After picking a fight over a court appointee the GOP didn't really oppose, they're stuck watching liberals advance.


(Photo by Mark Wilson/Getty Images)

If you happened to flip on C-SPAN early Friday around 3 a.m – and really, why would you? – you would have seen the United States Senate in full session, debating the nomination of the secretary of the Air Force.

Not that anyone on the Senate floor was actually talking about the secretary of the Air Force, mind you. But that is now how the nominations game is played. The Democrats were keeping Republicans awake in retaliation for the GOP doing the same thing to them the night before, dragging the clock out on every nomination it can just to make Harry Reid feel some pain after stripping the minority's right to filibuster.

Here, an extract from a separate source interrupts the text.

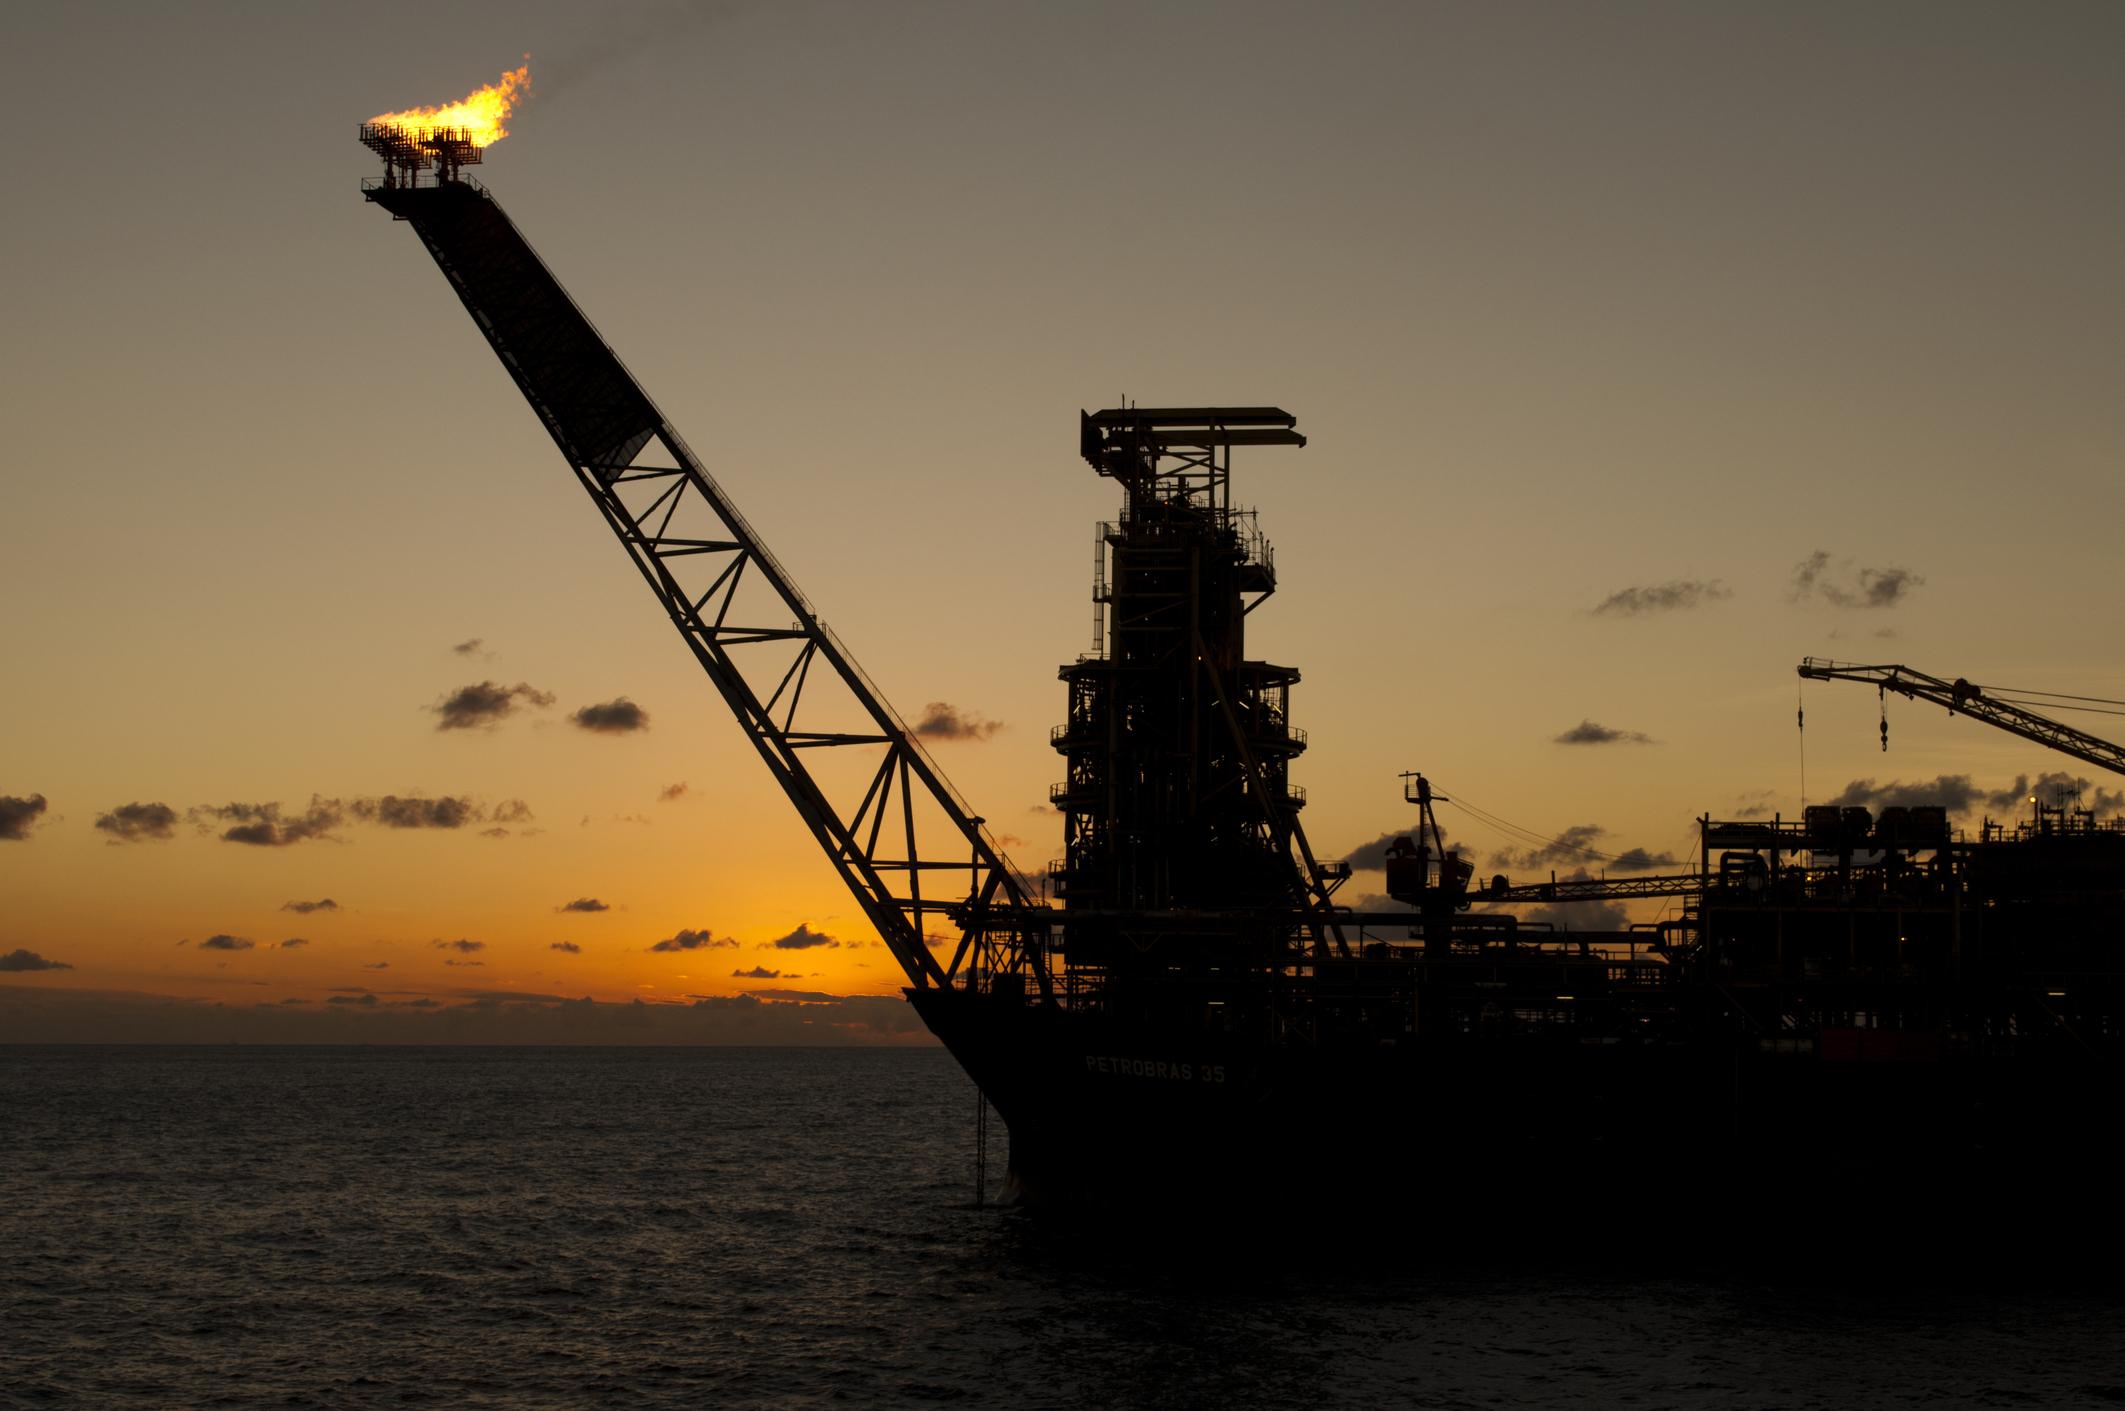 Offshore production platform at sunset.

Indeed, nearly a month after Reid's so-called "nuclear" strike, the chamber is a raw, angry place.

It didn't have to be. Republicans are caught in a bizarro universe largely of their own making. Had Mitch McConnell shown any willingness to give even an inch on nominations, particularly on the three picks for the federal appeals court in Washington, there would have been no filibuster rule change.

Specifically, Democrats point to the filibuster of Patricia Millett, a moderate who, among other things, worked as a lawyer in the George W. Bush administration. Republicans were candid about their reasons for opposing her, with senators such as Orrin Hatch and Ted Cruz admitting that it had nothing to do with her qualifications to sit on the federal bench. Millett is a partner a nationally prominent (and big business-friendly) law firm who has argued before the Supreme Court more than 30 times.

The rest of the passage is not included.